林辰回头看了眼沙发上的男人,刑从连的目光,一直未从电视机屏幕上移开。

“成语用不错。”

刑从连终于开口。

林辰走去,在他身边坐下。

先前批评警队工作的新闻大概已经过去,现在,新闻里的人似乎正在就李景天一案进行探讨。

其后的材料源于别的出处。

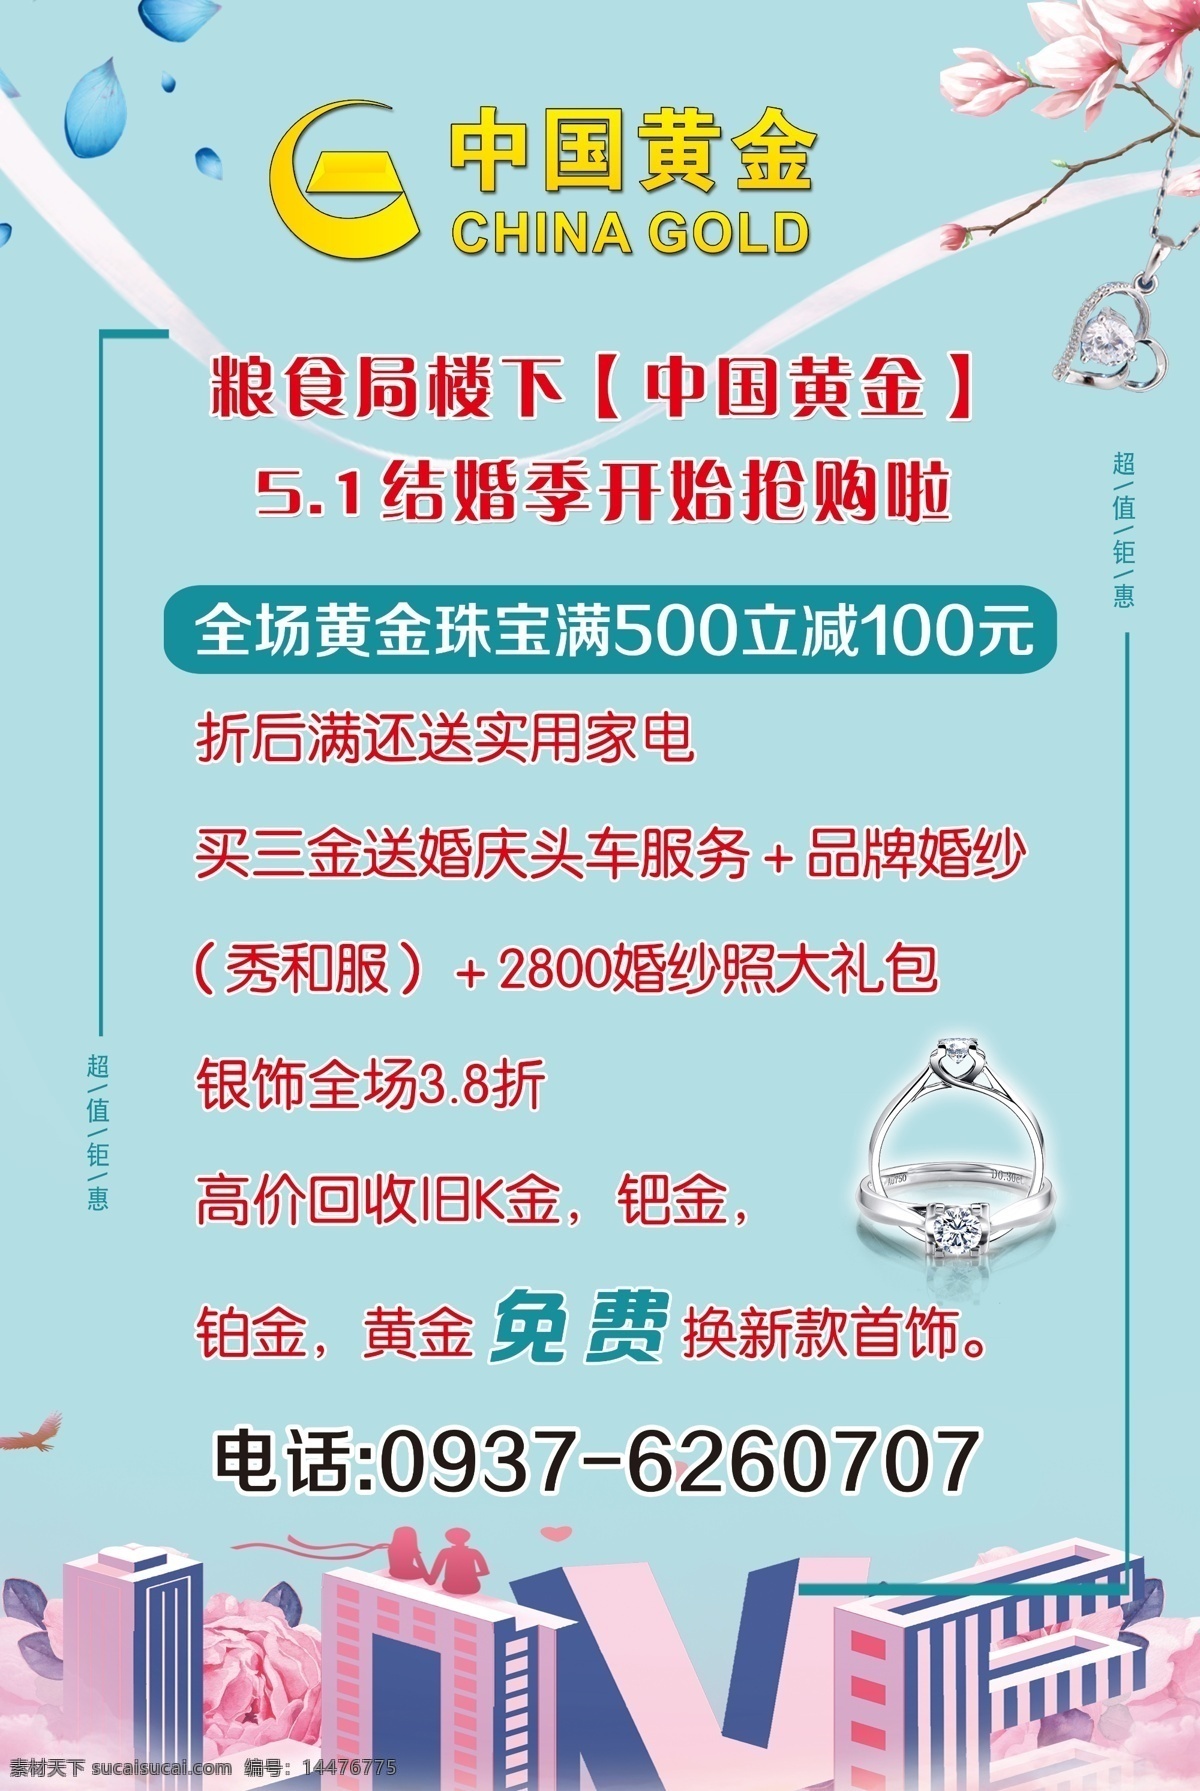 珠宝活动海报 中国黄金 活动海报 绿色 首饰 珠宝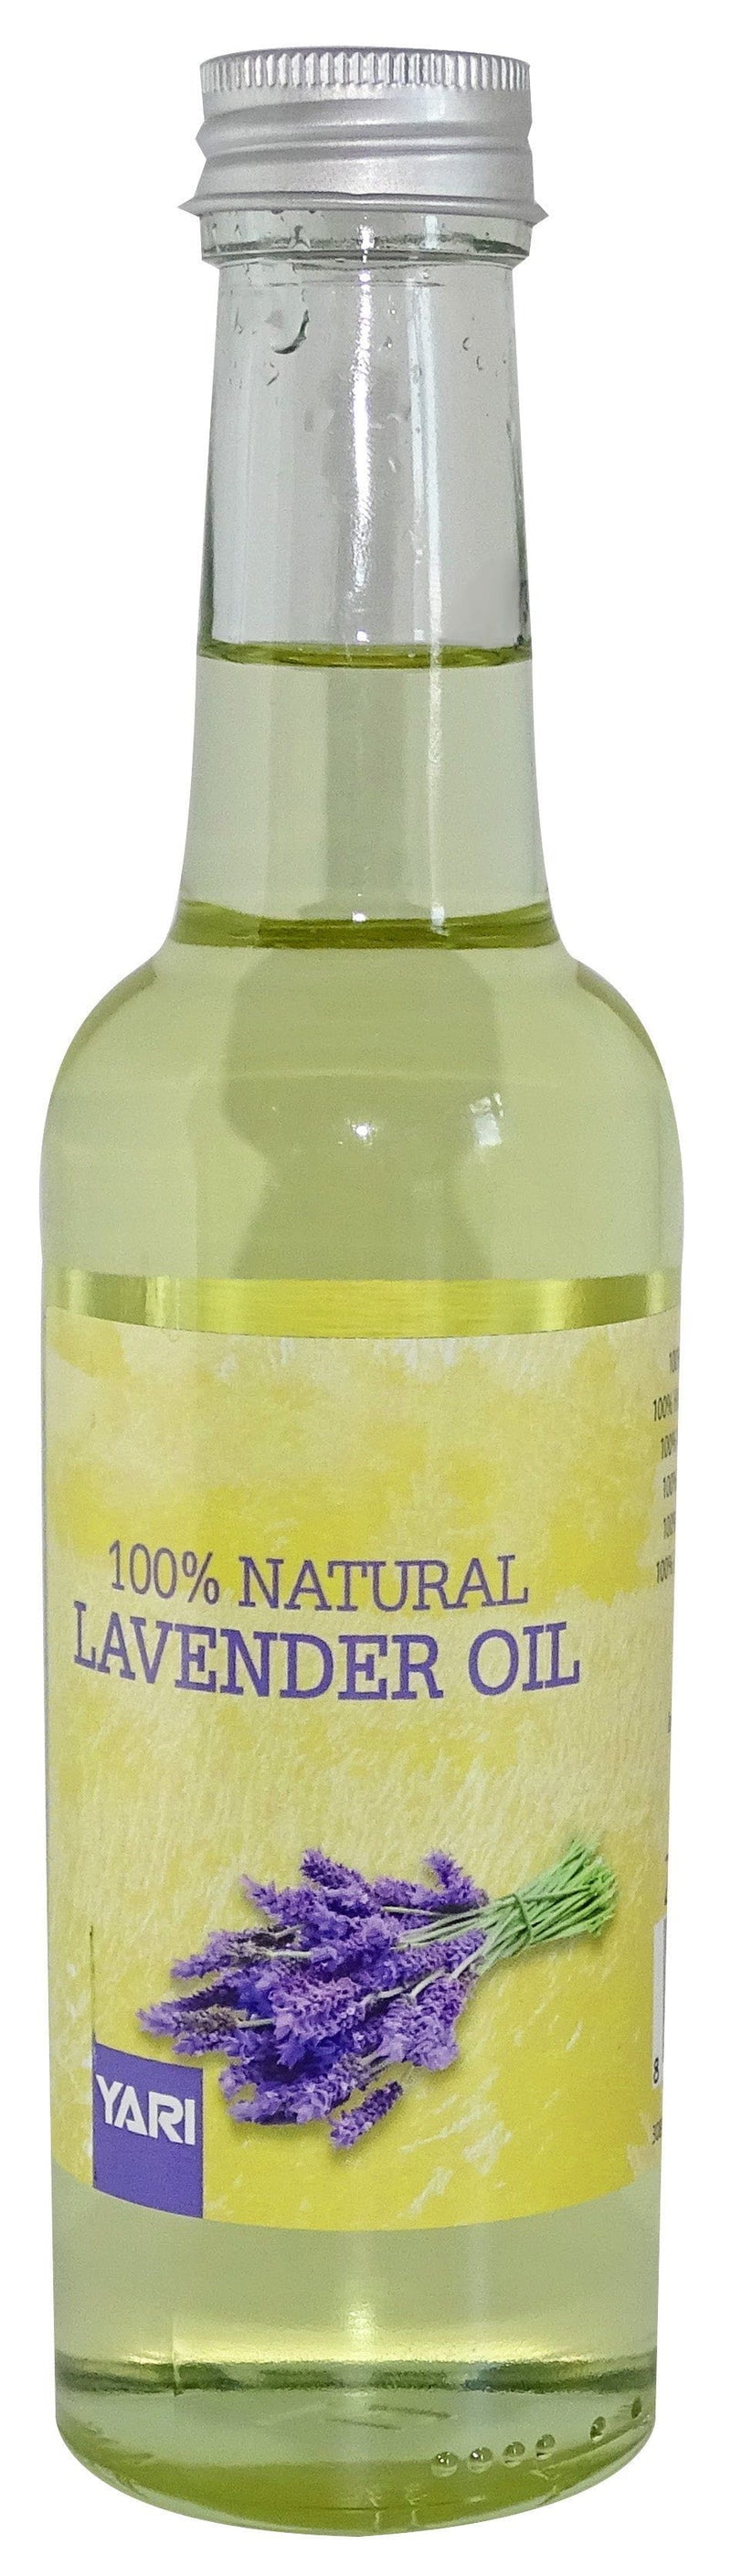 Yari Yari 100% Natural Lavender Oil 250ml

男主播正襟危坐,严肃道:“其实关于今日在安生国际商场发生的踩踏事故,来龙去脉已经非常清晰,这正是许某针对歌手李景天的报复行为,我们就此,随机采访了一些路人,想听听他们对本案的看法。”

采访地点,恰好是在市立医院外的马路上。

车水马龙的背景中,行色匆匆的老阿姨被记者叫住。

“哦,这个有什么好说的啦,我跟你们说,这种不清白的女人就是犯丨贱的,让警察赶紧把人抓起来!”

“什么,抓捕中遭遇车祸?”

“噢,报应啊!”

在这一天之内,他们已经听见太多类似的话语,如同说好要守护偶像就爱憎分明的粉丝一样,了解许染和李景天背景差异的路人们,也纷纷就此做出了自己的判断。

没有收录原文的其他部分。